**EXERCISE DETAILS**
Every entry needs to be written out again exactly, with its pictures removed.

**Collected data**
# # # # # # #

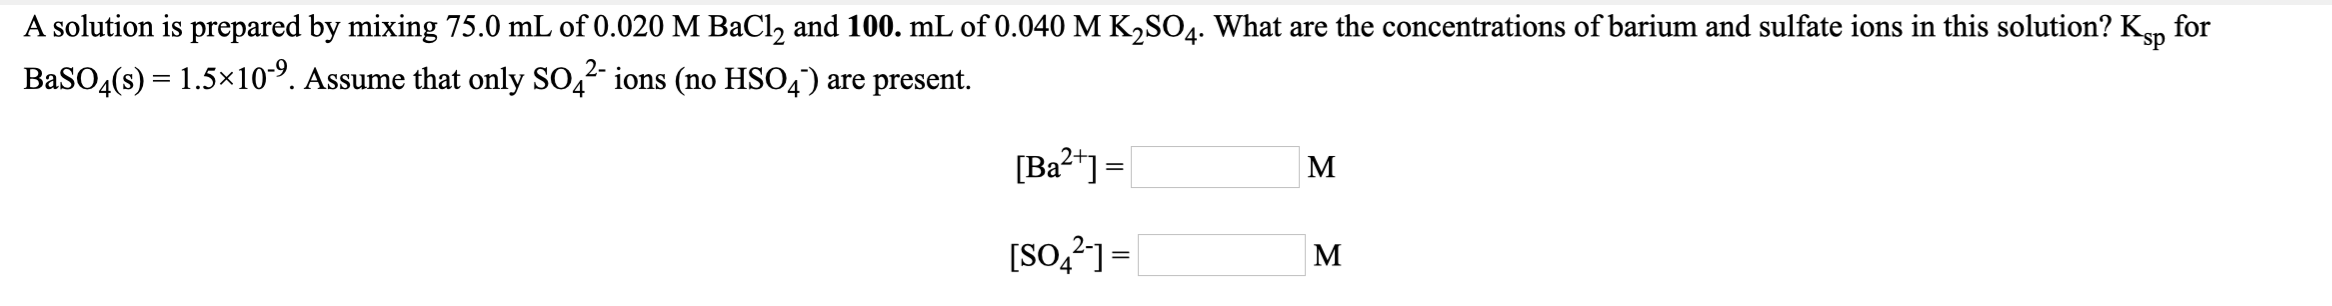 A solution is prepared by mixing 75.0 mL of 0.020 M BaCl, and 100. mL of 0.040 M K,SO4. What are the concentrations of barium and sulfate ions in this solution? Kn
BaSO4(s) = 1.5×10. Assume that only SO,2 ions (no HSO4') are present.
for
[Ba2*] =
M
[SO,?]=|
M
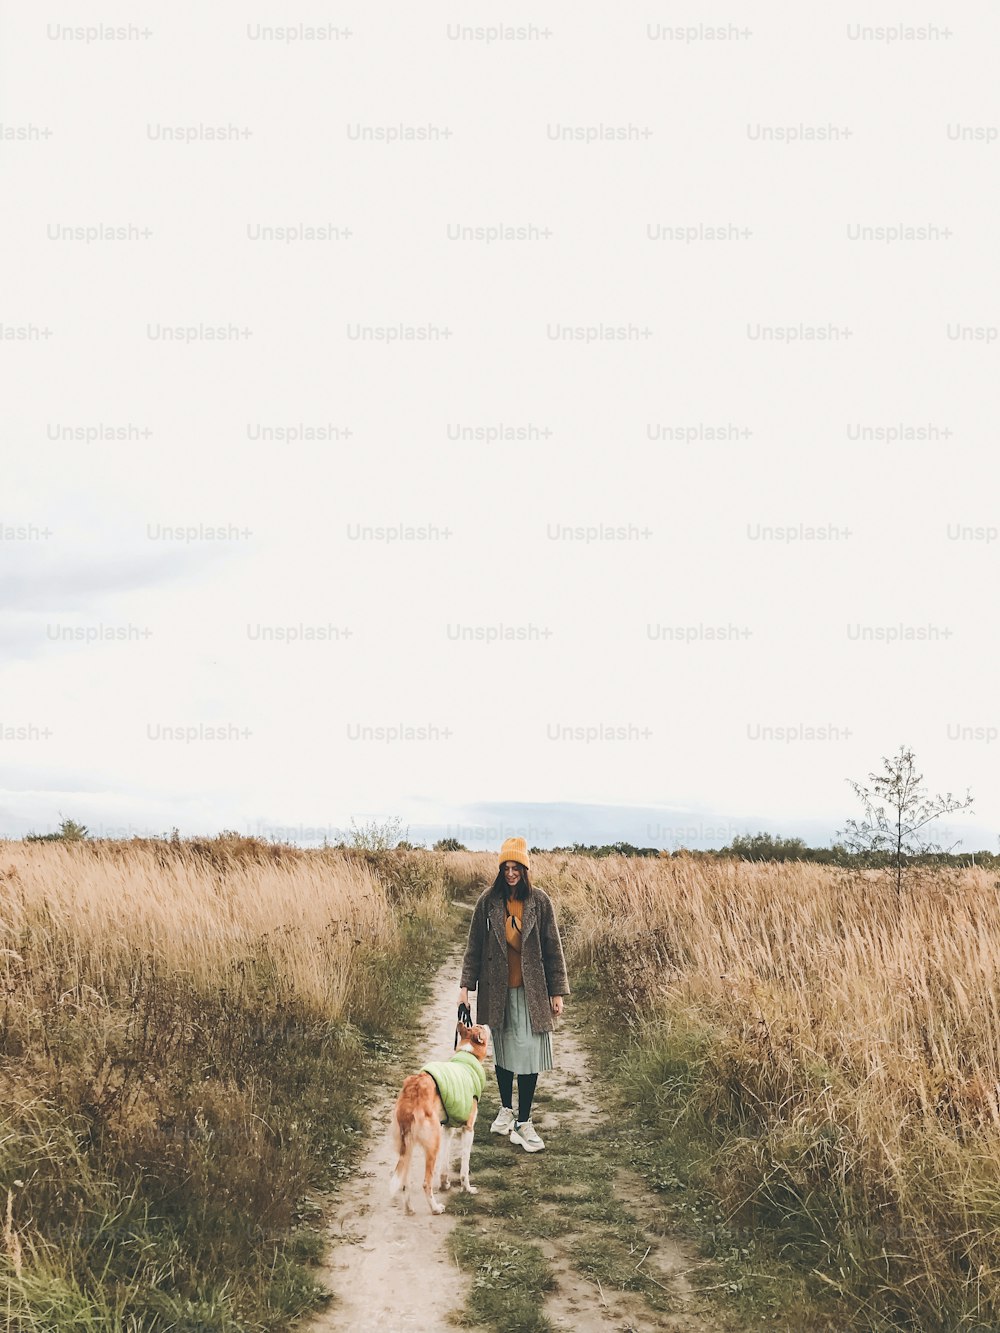 Stylish Hipster girl in yellow hat and coat walking with her golden dog in coat in autumn field among herbs. Woman in modern clothes walking with friend dog in countryside
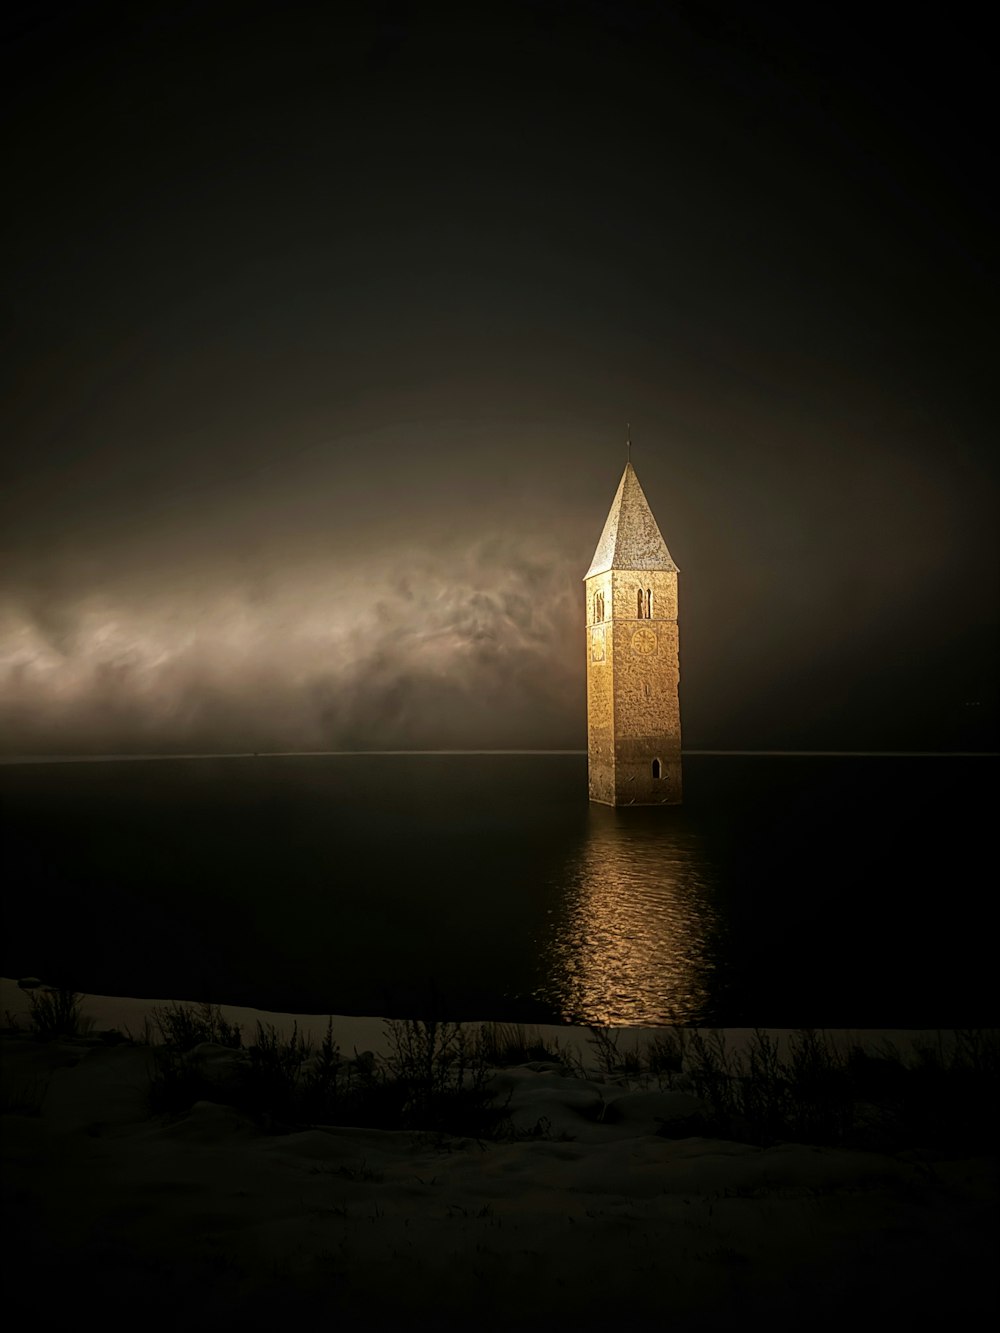 a clock tower sitting in the middle of a body of water

# # # # # # #

**RESULT OF THE TASK**
 A solution is prepared by mixing 75.0 mL of 0.020 M BaCl, and 100. mL of 0.040 M K,SO4. What are the concentrations of barium and sulfate ions in this solution? Kn
BaSO4(s) = 1.5×10. Assume that only SO,2 ions (no HSO4') are present.
for
[Ba2*] =
M
[SO,?]=|
M
 Stylish Hipster girl in yellow hat and coat walking with her golden dog in coat in autumn field among herbs. Woman in modern clothes walking with friend dog in countryside
 a clock tower sitting in the middle of a body of water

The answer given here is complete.